Здоровяк оборачивается и впивается в нее глазами.  Это начальник охраны Туровцына – Лосев. Она бледнеет и пятится, пока не упирается в дрожащего у стены посетителя. Лосев отпускает Ибрагима и поднимается во весь рост.

– Вот и она, –  с теплом в голосе говорит он.

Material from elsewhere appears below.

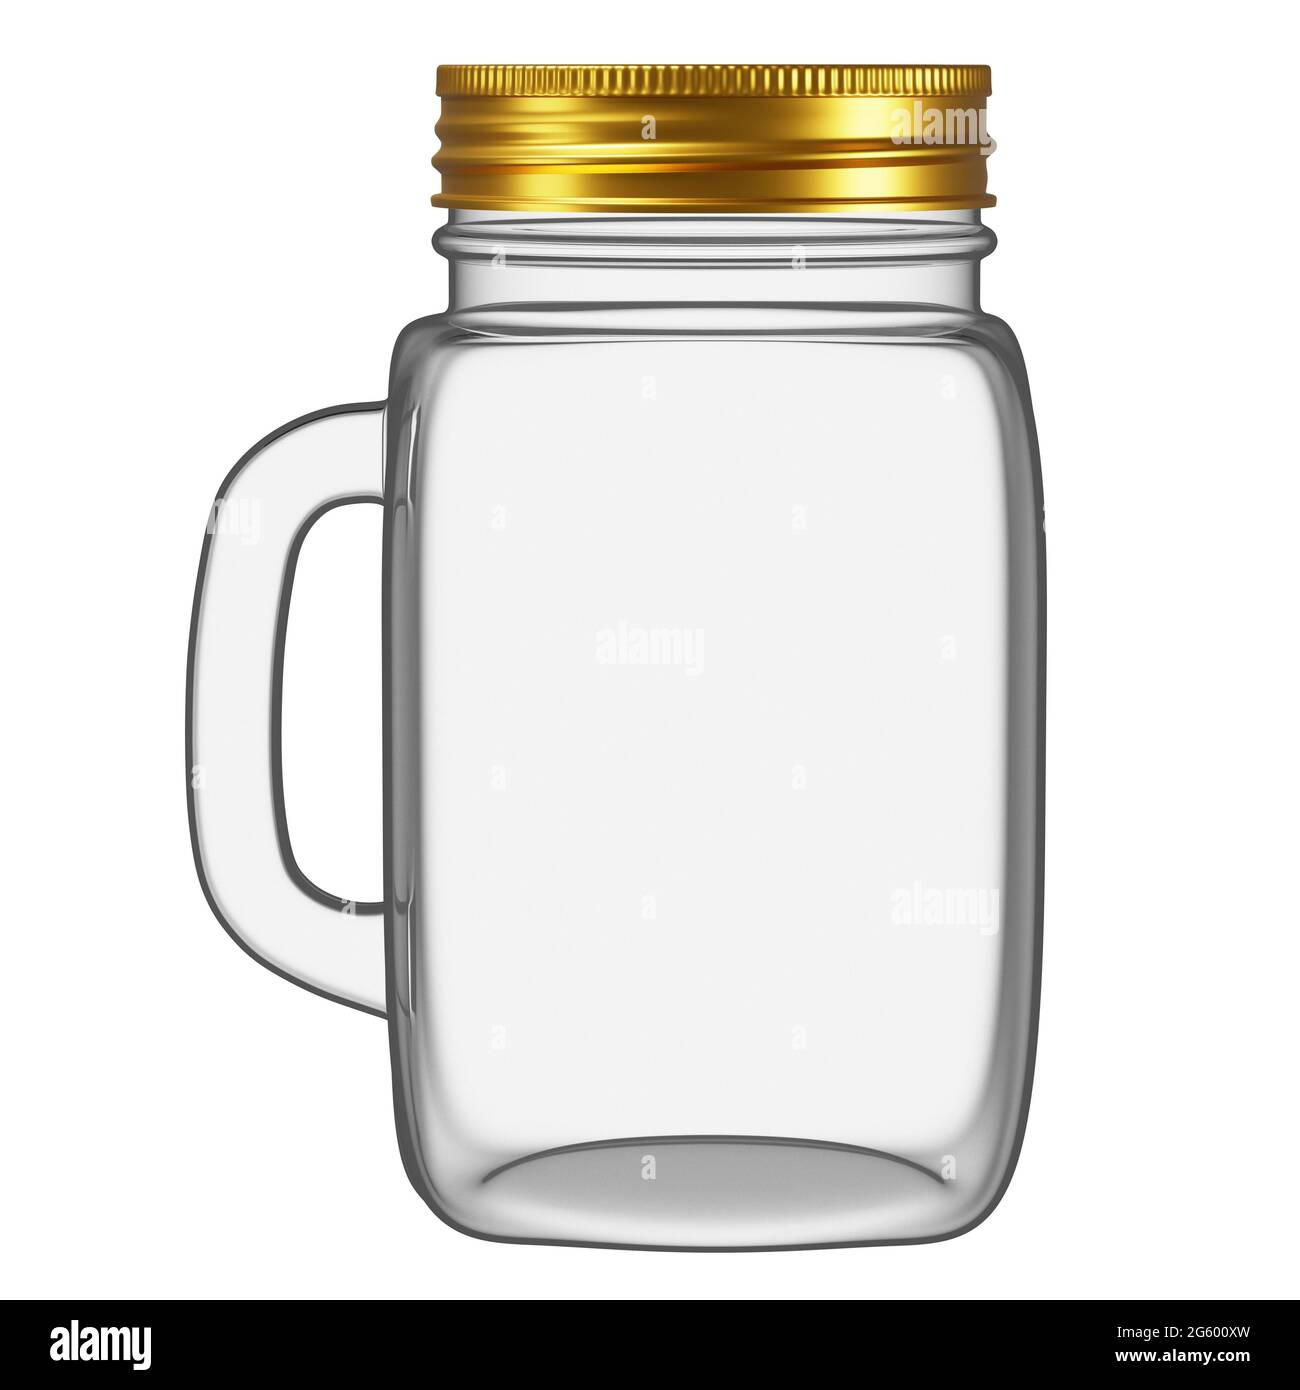 Realistischer quadratischer Glasbecher, Glas, Flasche mit goldenem Deckel  und weißem Hintergrund. Spender für Wasser, Saft, Mix und andere Getränke  Stockfotografie - Alamy

Кира кидается к выходу, но один из его людей тут же прыгает в ее сторону и преграждает  путь. Издевательски ухмыляясь он манит ее к себе, до дверей ей не добежать. Мимо поваров и официанток она ныряет на кухню и сбегает в пекарню. Топот и мужские крики слышны за спиной. Около их комнатки, есть туалет со слуховым окошком наружу, через него она сможет выбраться на улицу. Закрыв дверь на хлипкий крючок, она вскакивает на бачок унитаза и открывает окно. Подтянувшись на руках  вскидывает свое легкое тело на узкий подоконник. Холод обжигает лицо, еще секунда и она спасена. Ей нужно еще раз толкнуть себя вперед. Она напрягает руки, но в  этот момент ее крепко хватают за лодыжку.  Ободрав локти о старую раму она обрушивается вниз, ударяется скулой о край унитаза и сразу же чувствует за щекой много крови. Страшная боль в челюсти заставляет ее закричать. Перед глазами все плывет и как во сне становится неясным, мучительным и долгим.  Крепкие мужские руки бесконечно долго несут ее через пекарню.  Кира видит как  что-то капает  вниз на плитку. Ах это кровь! Почему кровь? Кровь оставляет крупные красные бусы на лестнице, потом и в зале. Она видит как повара сцепляются  с людьми Туровцына. Ее пытаются отнять у твердого как дерево человека, руки которого больно впиваются в тело. Бахром падает первым около дверей,  Рахима втаскивают на кухню и больше она его не видит.  Лосев, схватив Ибрагима за ворот рычит ему в лицо :

– Не знаешь с кем связываешься, чурка? Вякнешь и твои нелегалы сгорят вместе с этой тошниловкой.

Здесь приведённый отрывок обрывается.